What is going on in China right now?

Given all of the recent publicity, I thought I would re-up on my China video, The Rise and Fall of the Chinese Economy.  This is a recent addition to our Everyday Economics series from MRUniversity, and it also will be part of our in-progress macroeconomics course.

The Learn More page features additional resources about this topic.  As I say in the video, the key variable to track for whether things get really bad is capital flight.  In other words, recent developments have indeed been unsettling.

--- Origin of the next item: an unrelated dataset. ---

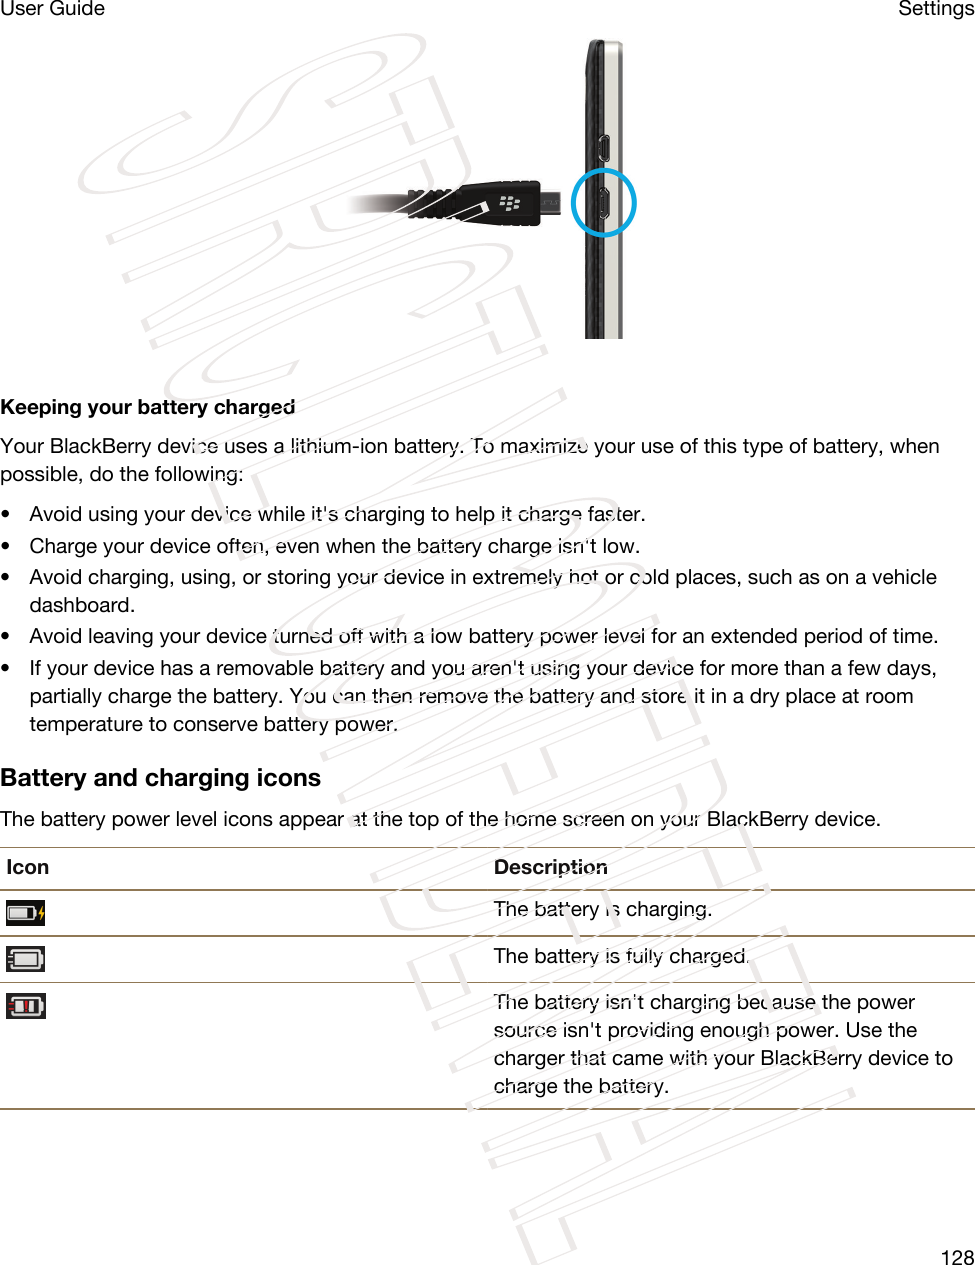  Keeping your battery chargedYour BlackBerry device uses a lithium-ion battery. To maximize your use of this type of battery, when possible, do the following:• Avoid using your device while it&apos;s charging to help it charge faster.• Charge your device often, even when the battery charge isn&apos;t low.• Avoid charging, using, or storing your device in extremely hot or cold places, such as on a vehicle dashboard.• Avoid leaving your device turned off with a low battery power level for an extended period of time.• If your device has a removable battery and you aren&apos;t using your device for more than a few days, partially charge the battery. You can then remove the battery and store it in a dry place at room temperature to conserve battery power.Battery and charging iconsThe battery power level icons appear at the top of the home screen on your BlackBerry device.Icon DescriptionThe battery is charging.The battery is fully charged.The battery isn&apos;t charging because the power source isn&apos;t providing enough power. Use the charger that came with your BlackBerry device to charge the battery.SettingsUser Guide128STRICTLY CONFIDENTIAL
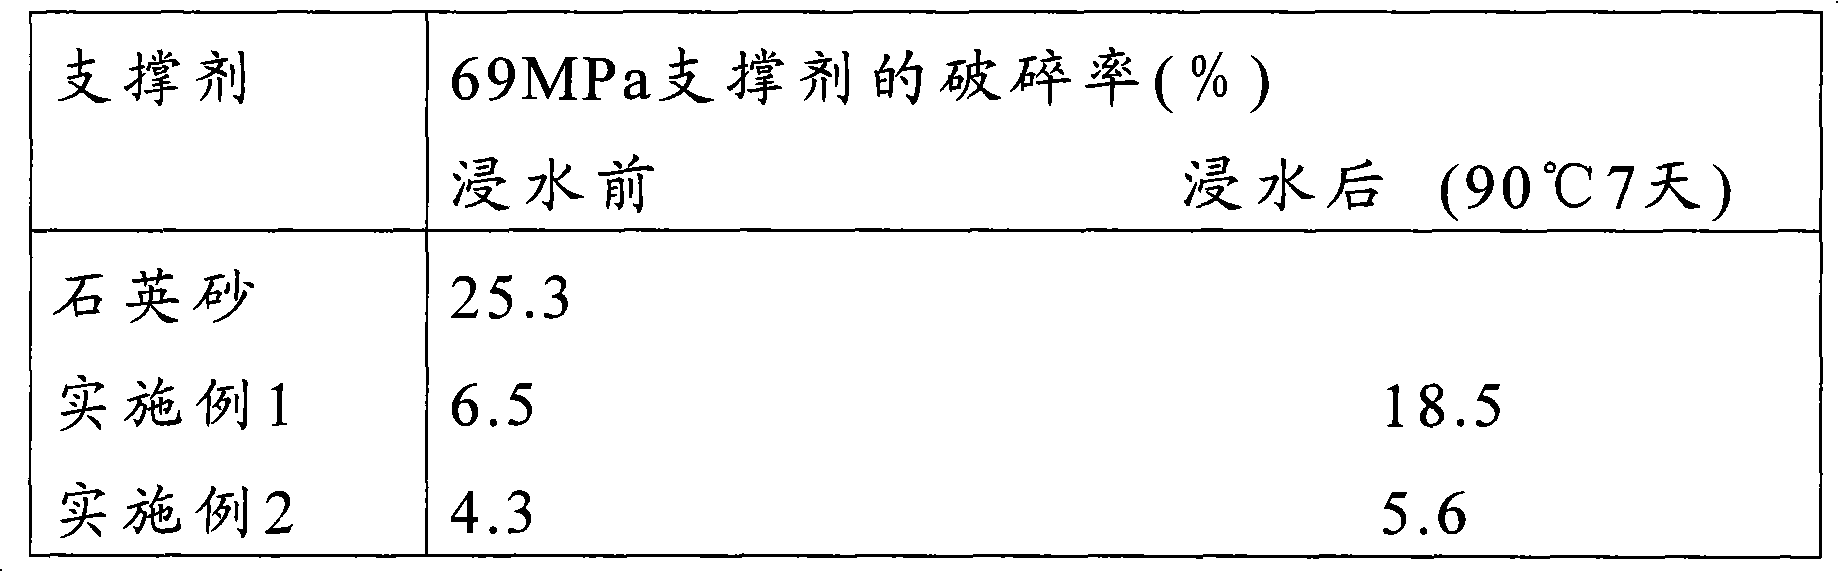 Precured resin coated propping agent and preparation method thereof

What we’ve seen is the central government spending down reserves at a much higher pace than virtually anyone had expected…except perhaps the central government.  The response to falling stock prices has been to make it legally harder and harder to sell — what do the prices even mean at this point?  A barometer of which kind of PR hit the government feels like taking on a given day?  And perhaps most importantly of all, more and more people, both in and outside of China, are questioning whether the government really has matters under control.  It seems not.

By the way, here is your China fact of the day, Larry Summers informs us:

Over the past year, about 20 per cent of China’s growth as reported in its official statistics has come from its financial services sector, which is now about as large relative to gross domestic product as in Britain, and Chinese debt levels are extraordinarily high. This is hardly a case of healthy or sustainable growth.

That said, China will do everything possible to prevent a financial crisis.

On the (somewhat) cheerier side: “Film market analysts have pointed out that the biggest films have performed similarly in China and the US in recent years.”  Star Wars: The Force Awakens had the biggest single-day opener in Chinese history (FT link), let’s see how well the future installments do.